Would you set down the data that follows, word for word, without any pictures?

Dataset content —
--- START ---

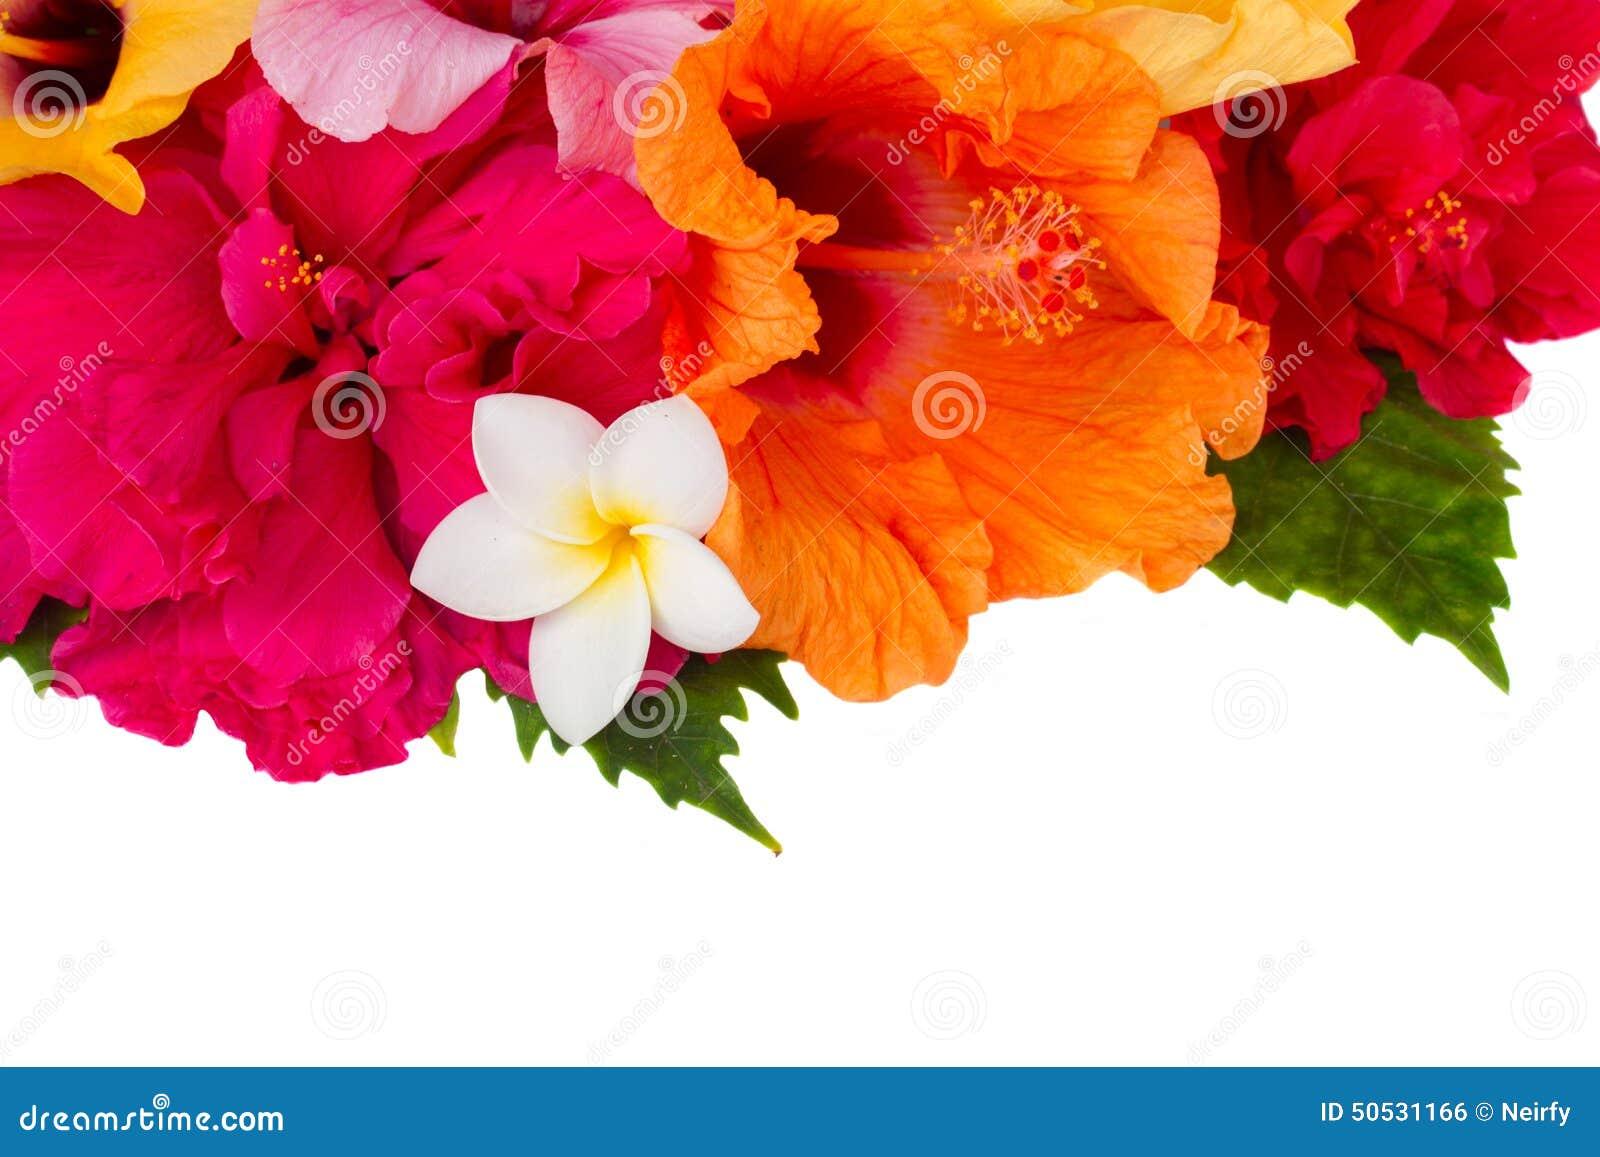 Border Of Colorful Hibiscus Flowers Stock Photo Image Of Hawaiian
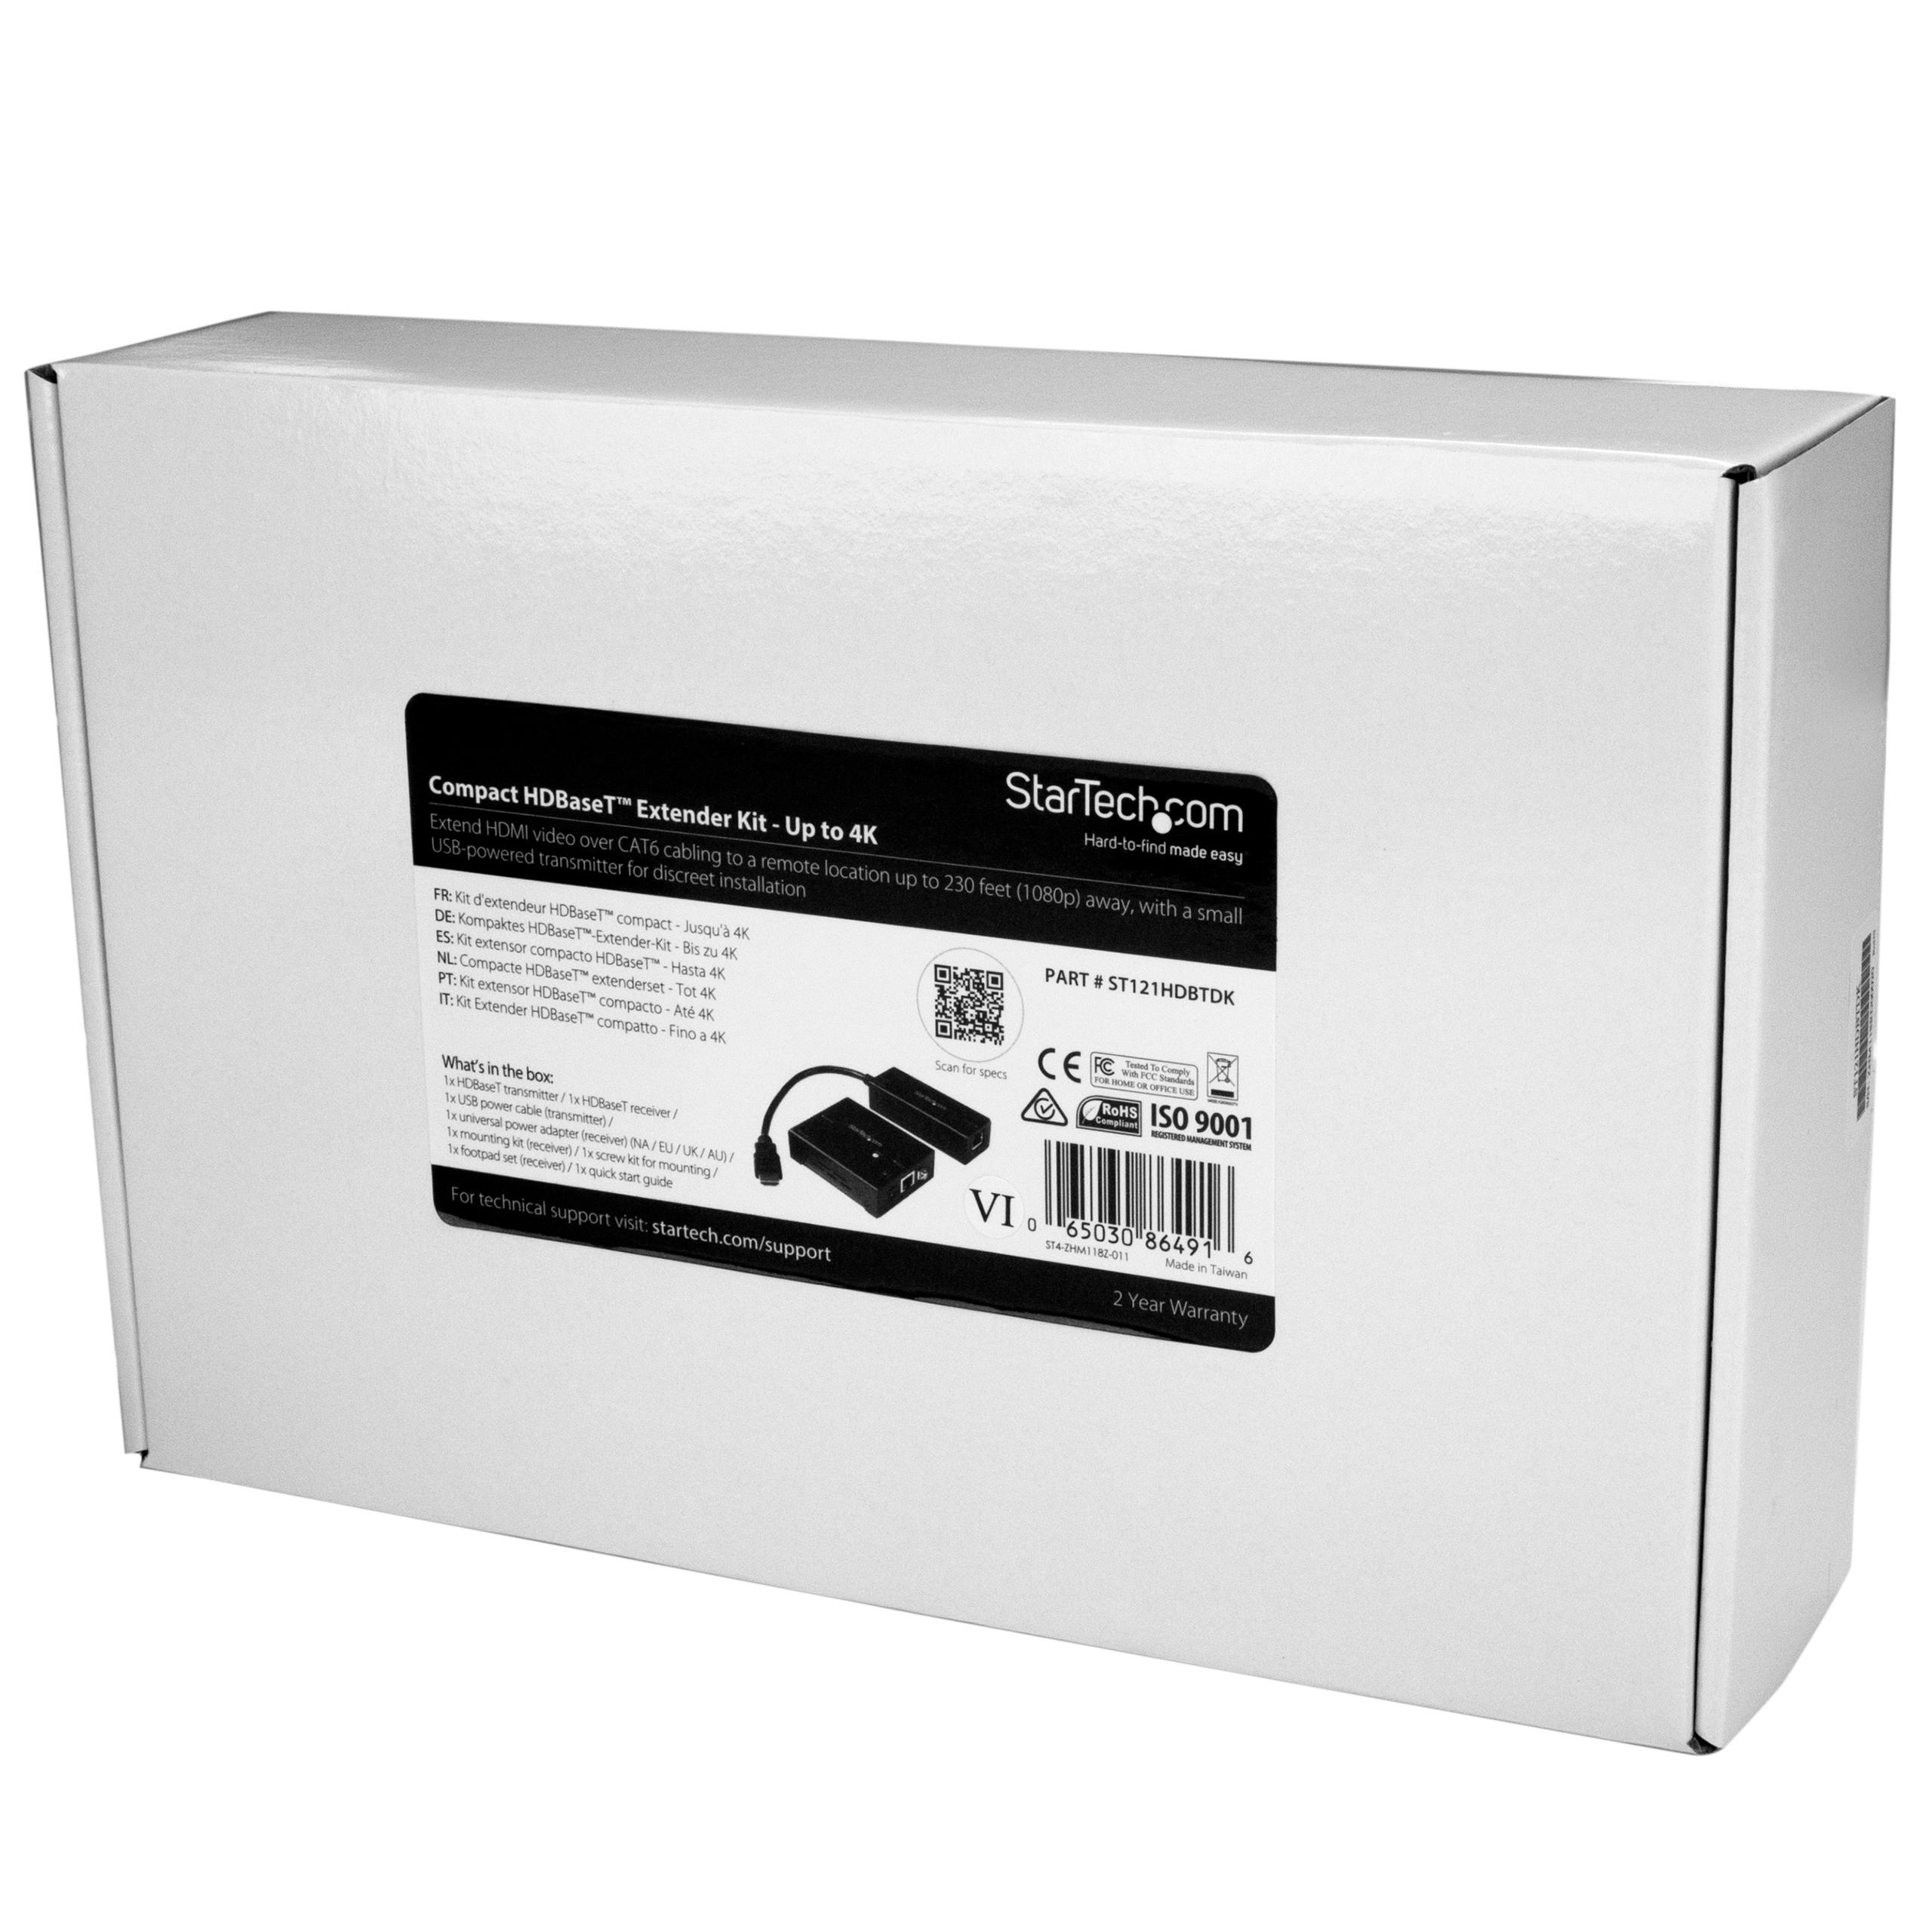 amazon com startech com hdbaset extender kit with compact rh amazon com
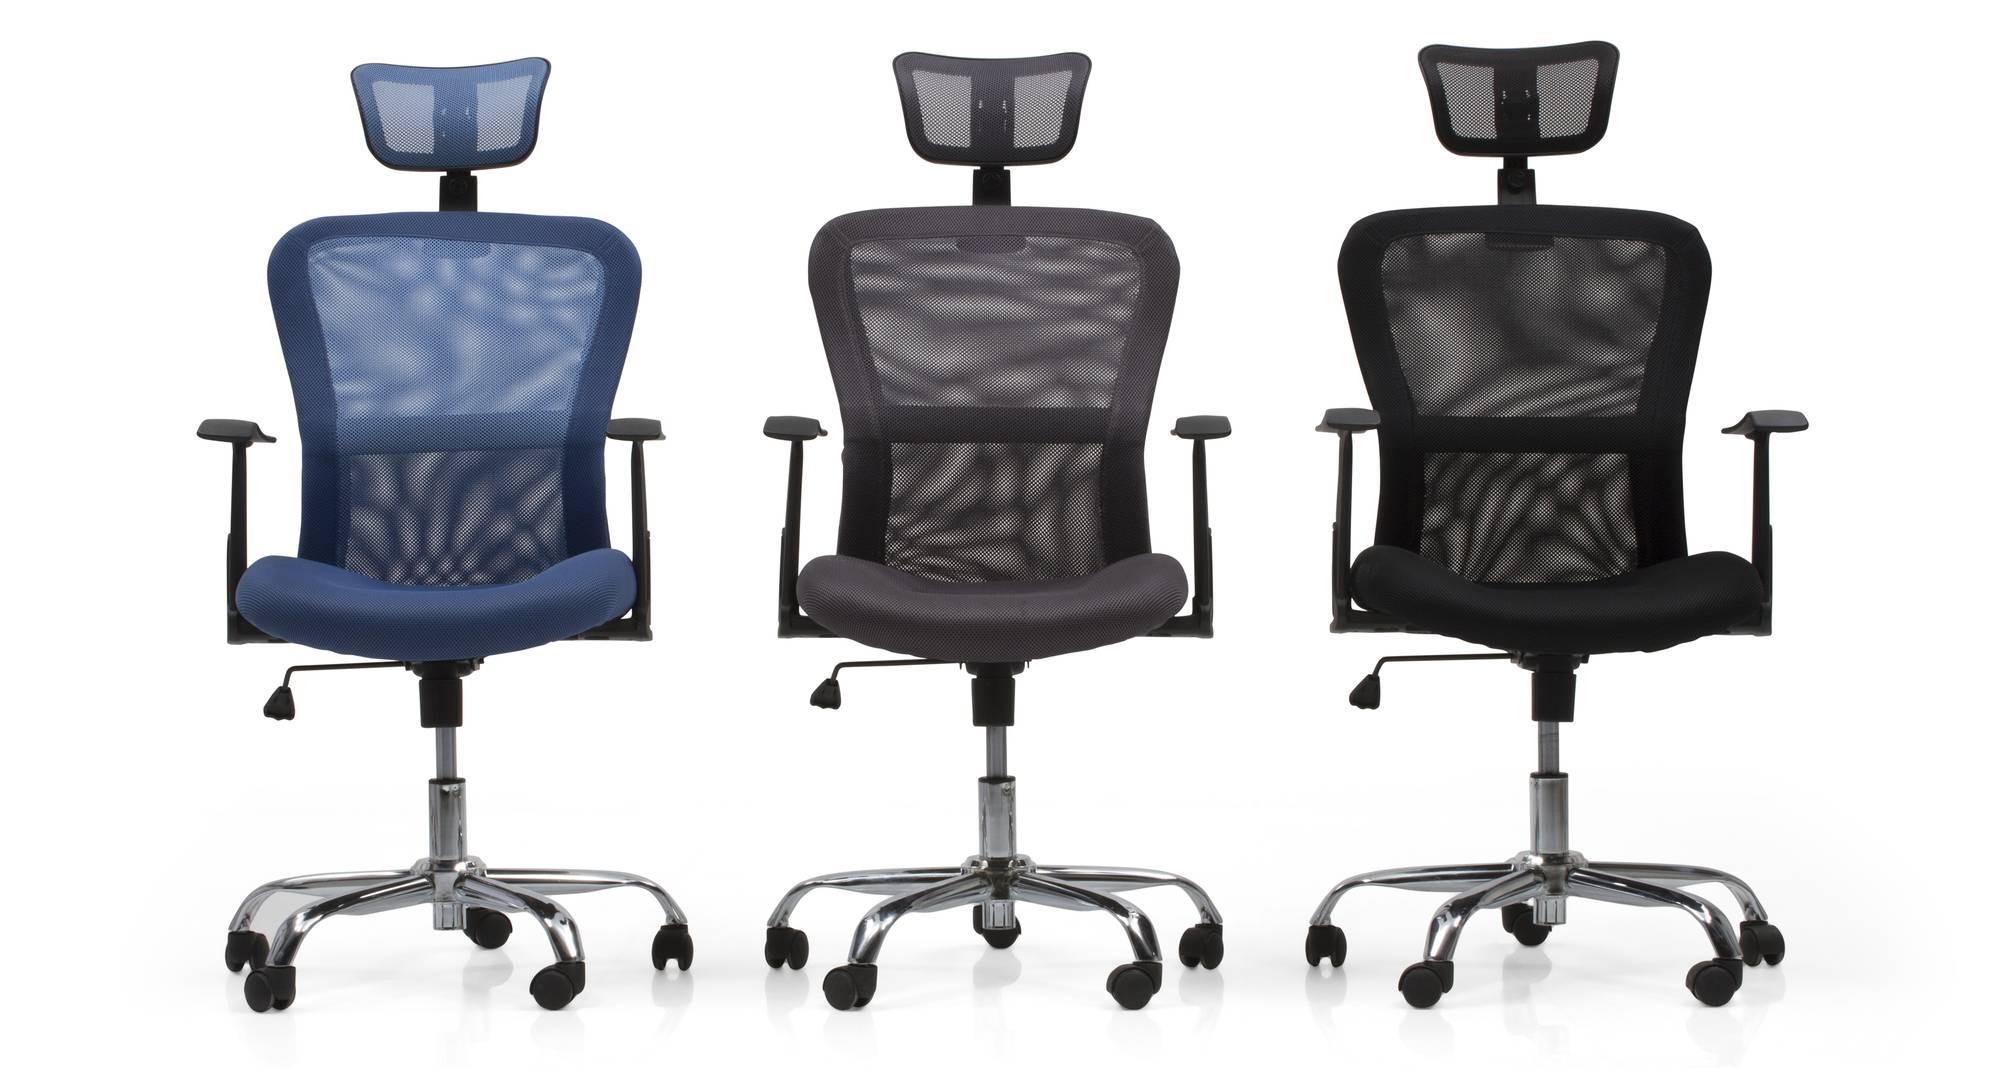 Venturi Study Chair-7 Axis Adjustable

--- END ---

Answer for the task —
 Border Of Colorful Hibiscus Flowers Stock Photo Image Of Hawaiian
 amazon com startech com hdbaset extender kit with compact rh amazon com
 Venturi Study Chair-7 Axis Adjustable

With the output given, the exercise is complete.